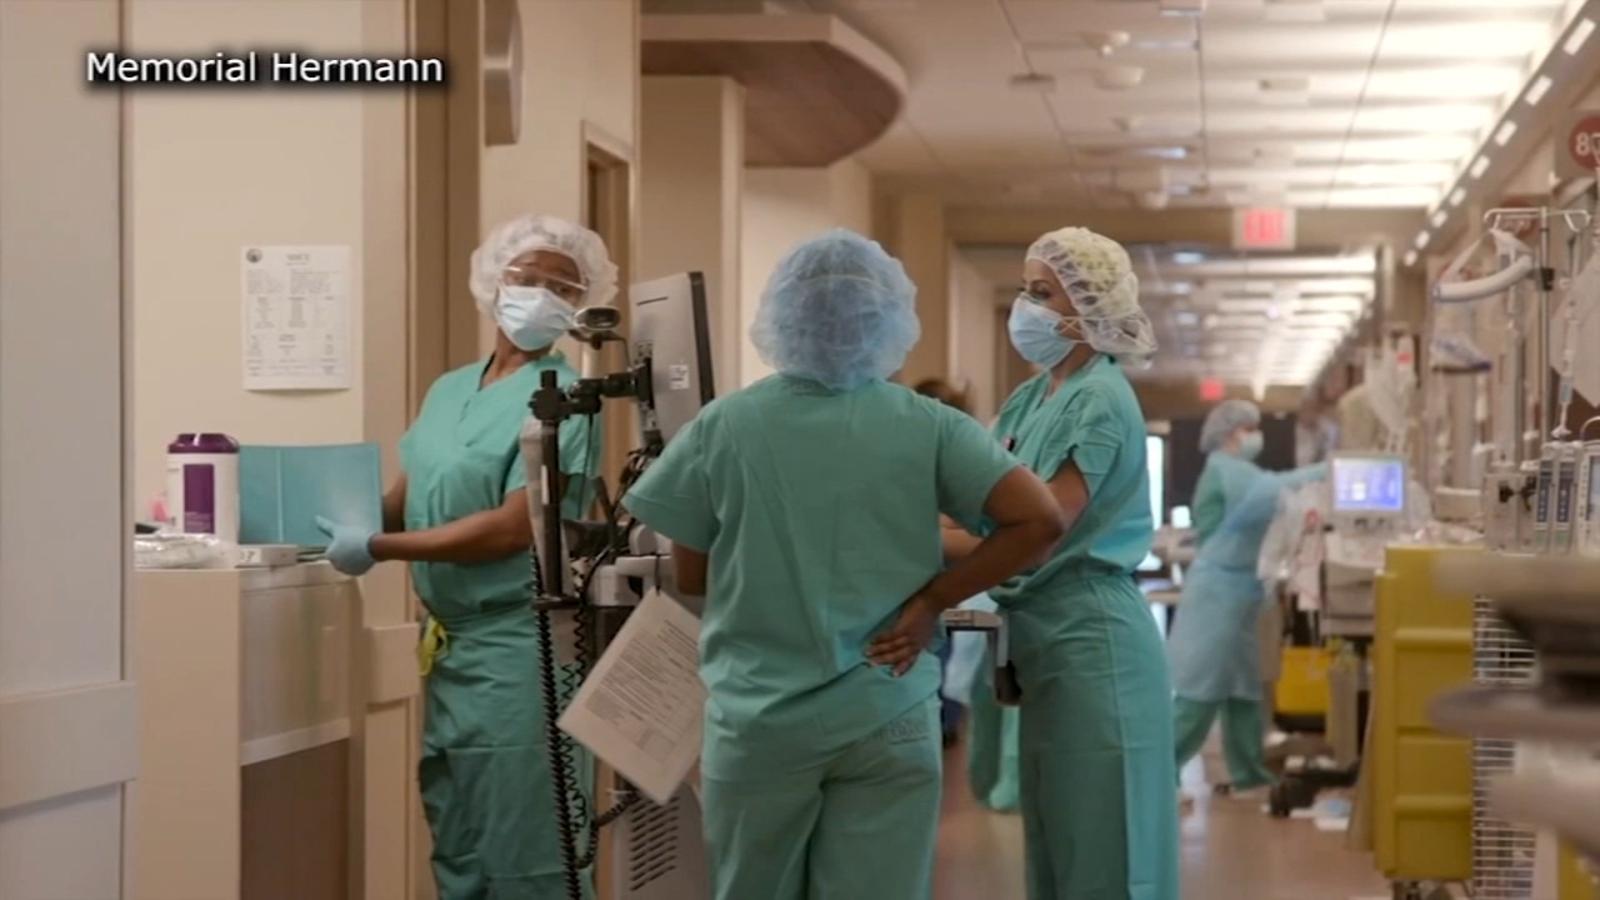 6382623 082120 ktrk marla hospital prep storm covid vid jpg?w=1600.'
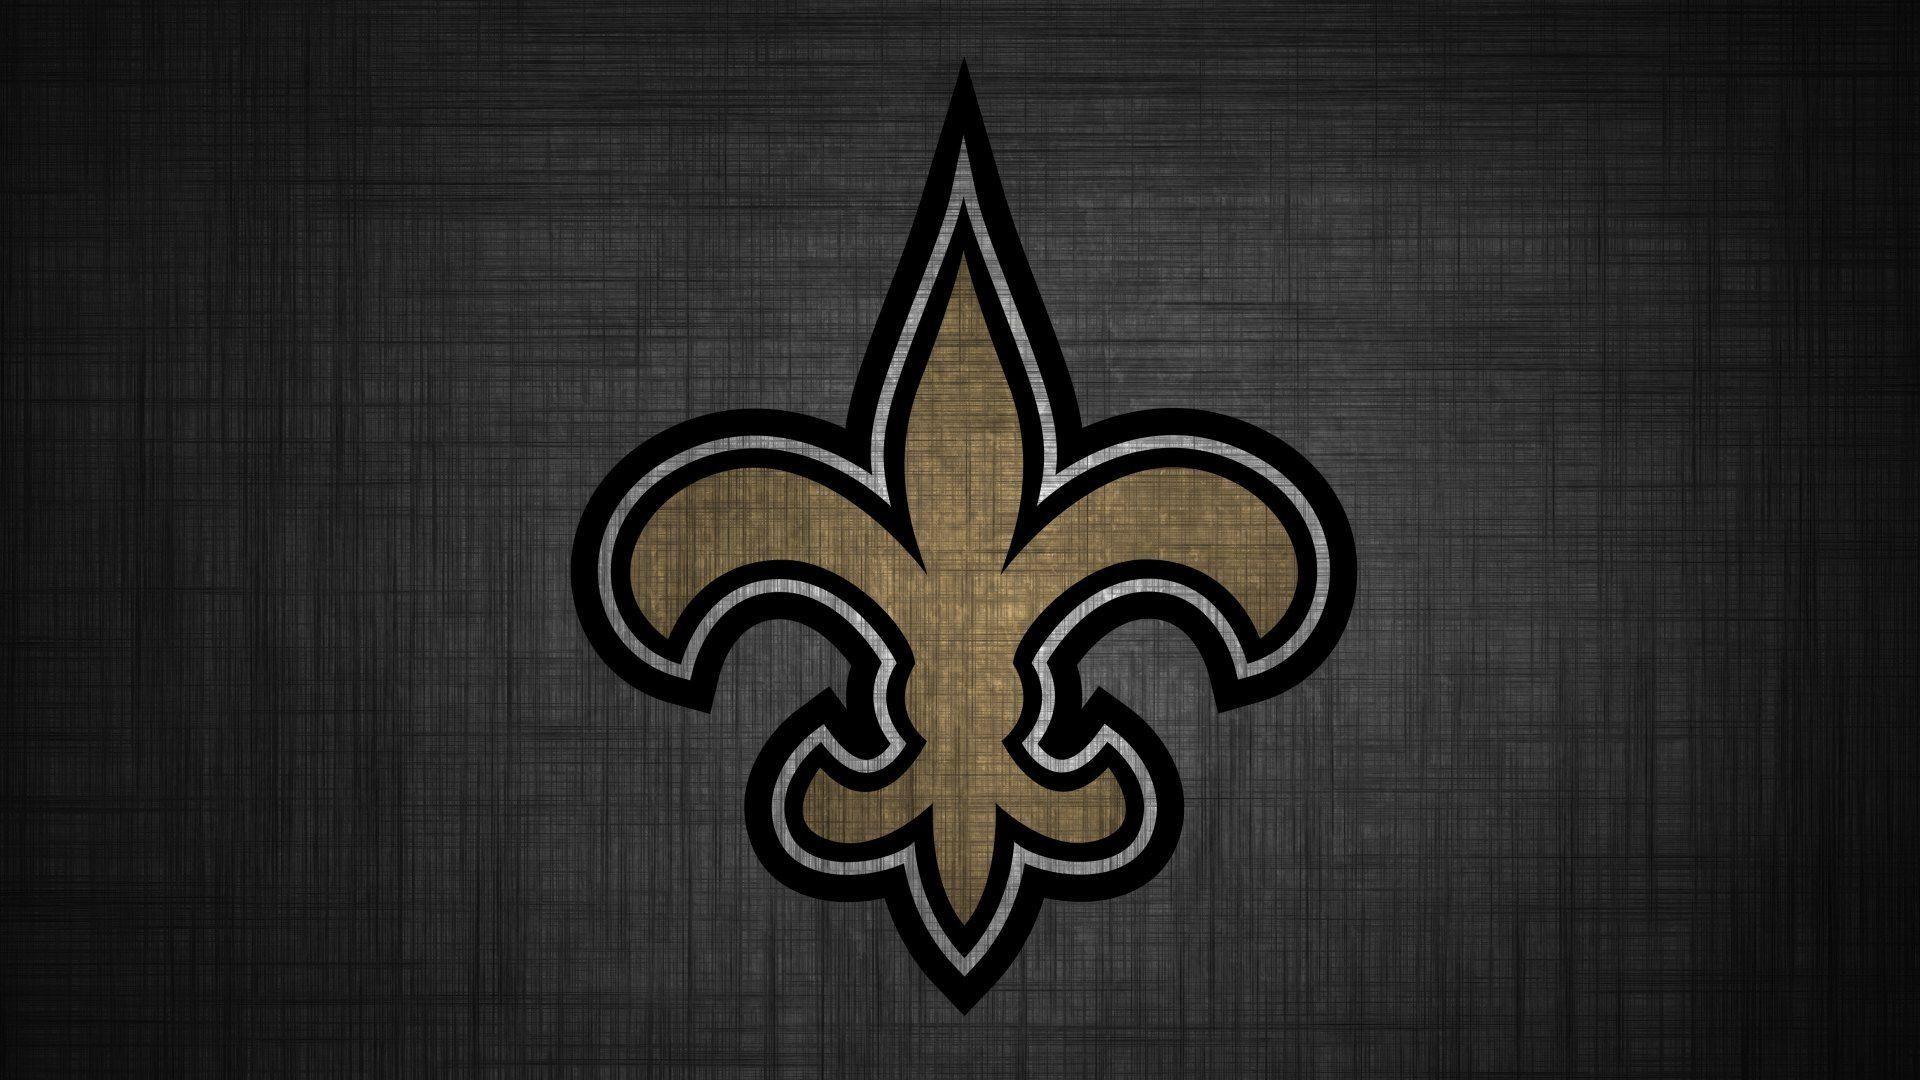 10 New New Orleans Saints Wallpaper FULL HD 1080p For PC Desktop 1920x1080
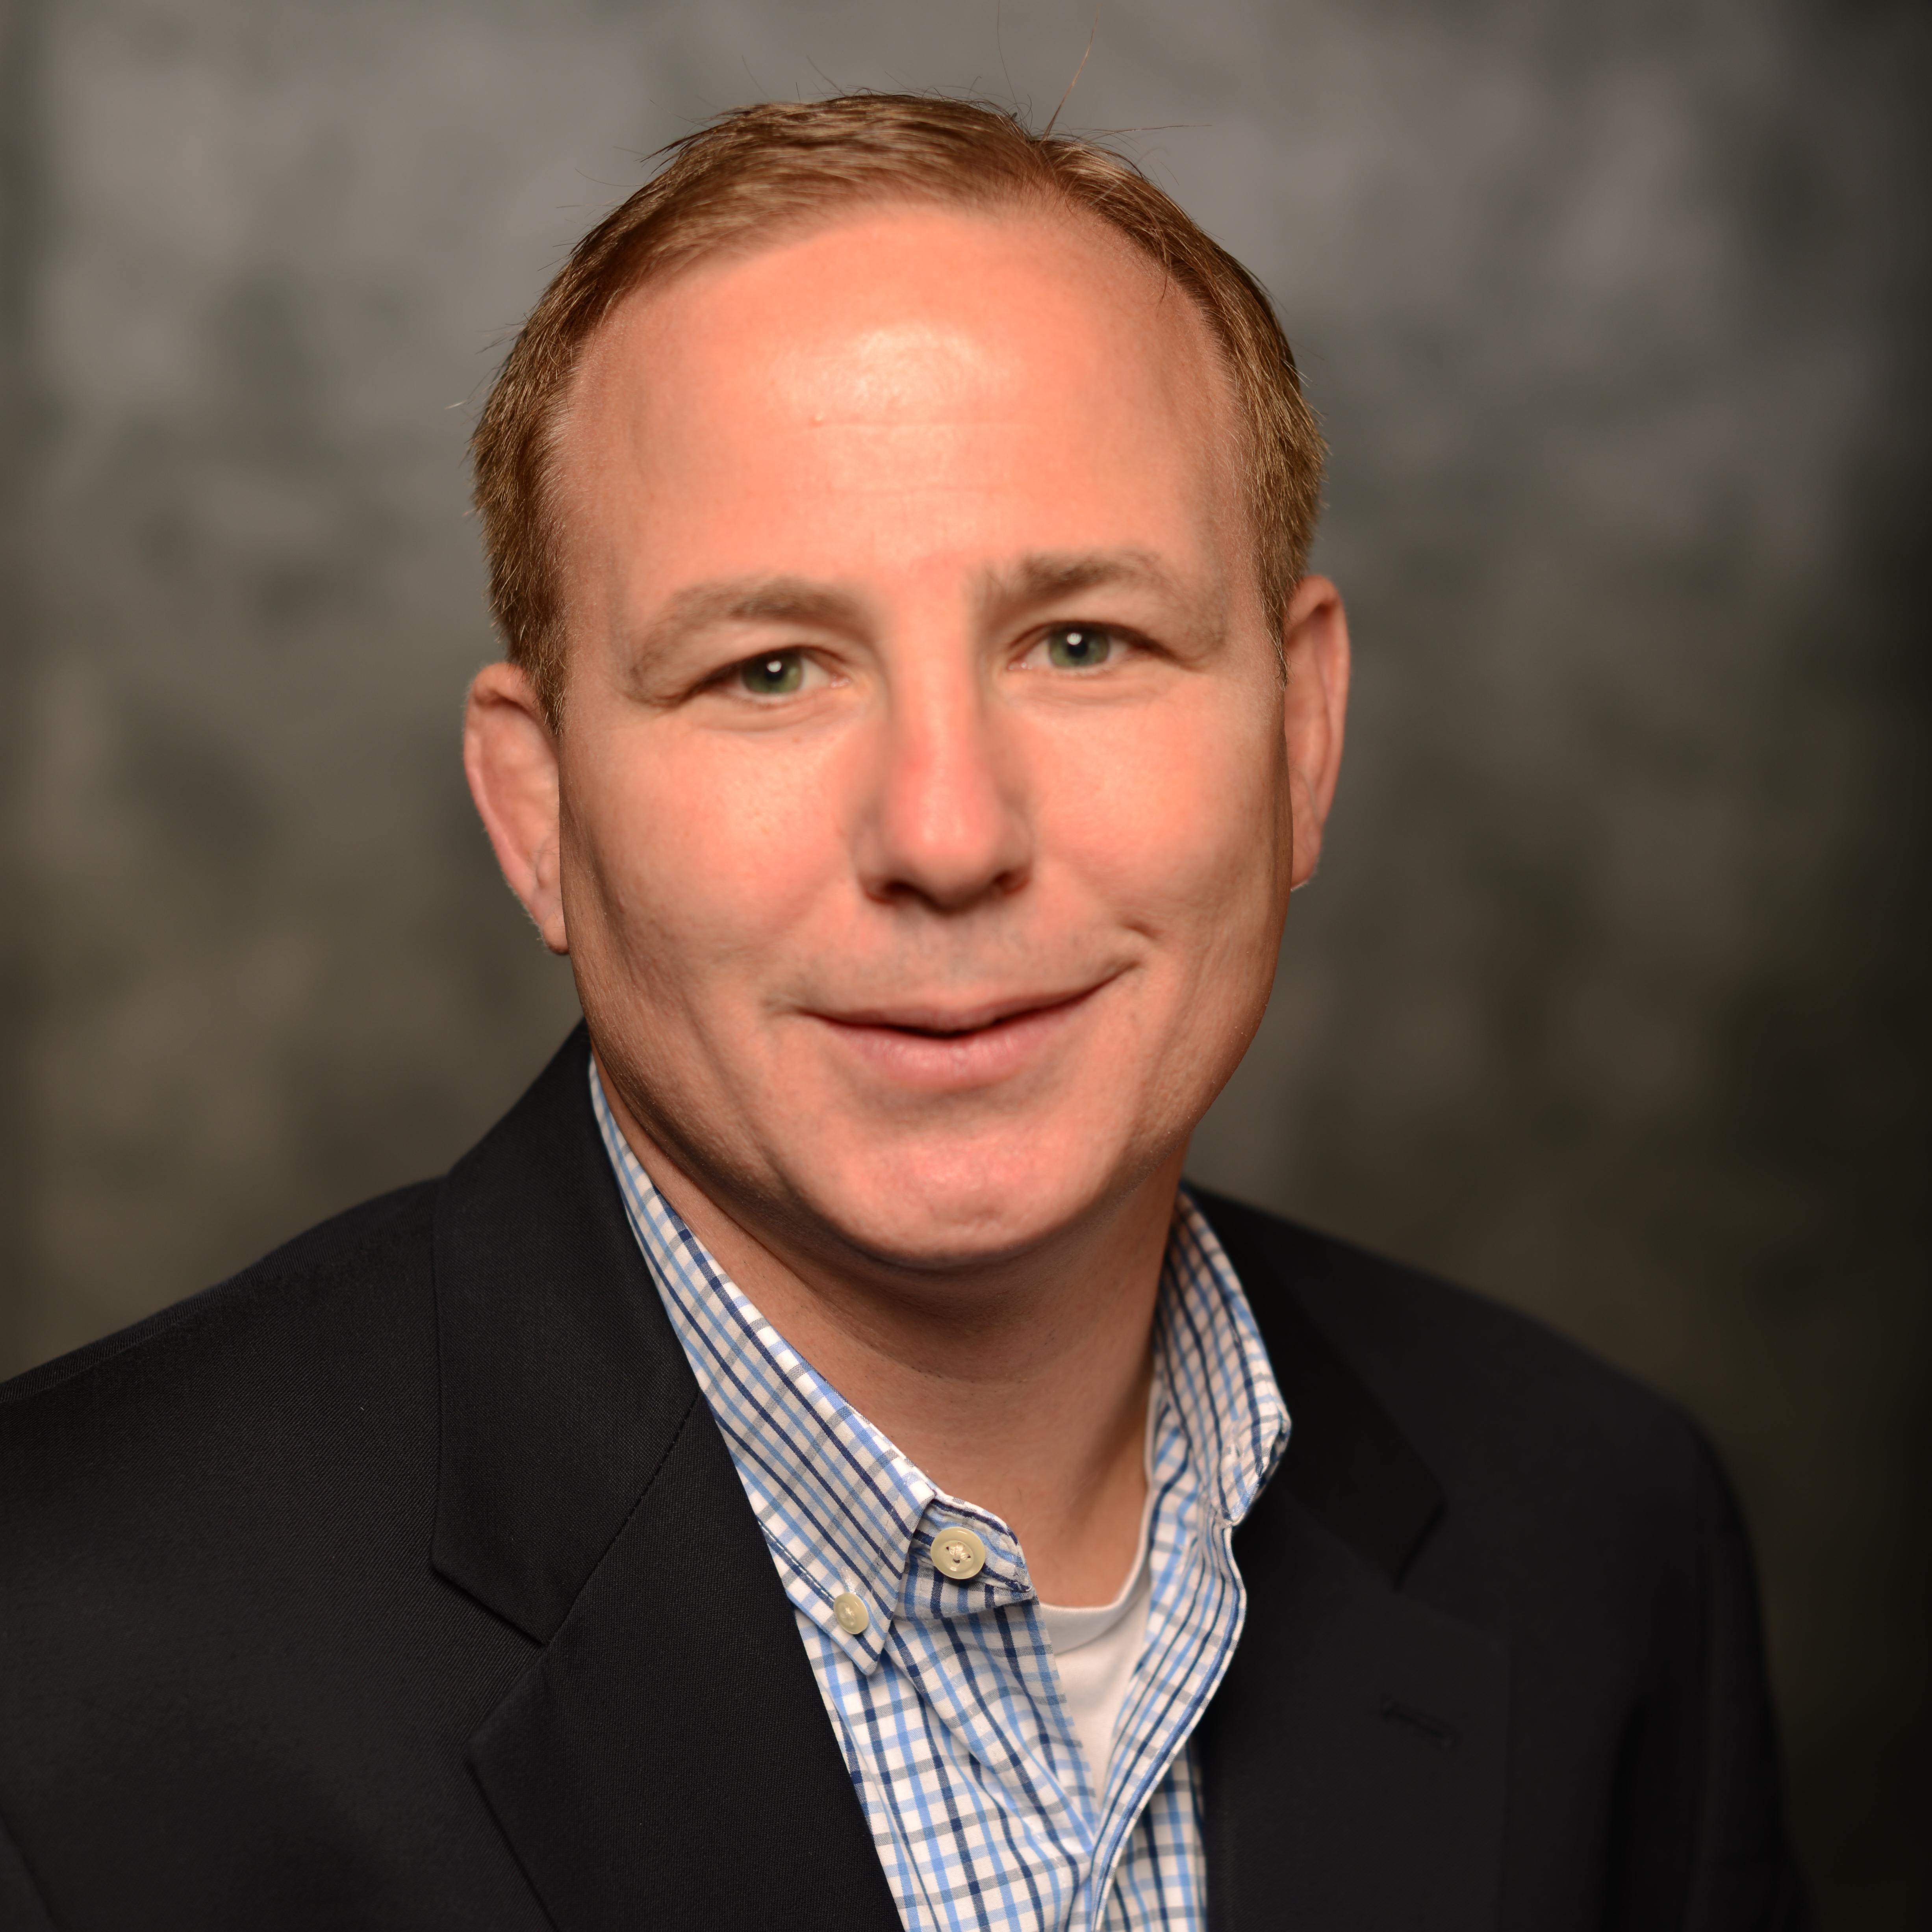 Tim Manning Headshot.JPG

......

What this task involves:
Give the complete material again, exactly as written. Do not include the pictures.

Your response:
 6382623 082120 ktrk marla hospital prep storm covid vid jpg?w=1600.'
 10 New New Orleans Saints Wallpaper FULL HD 1080p For PC Desktop 1920x1080
 Tim Manning Headshot.JPG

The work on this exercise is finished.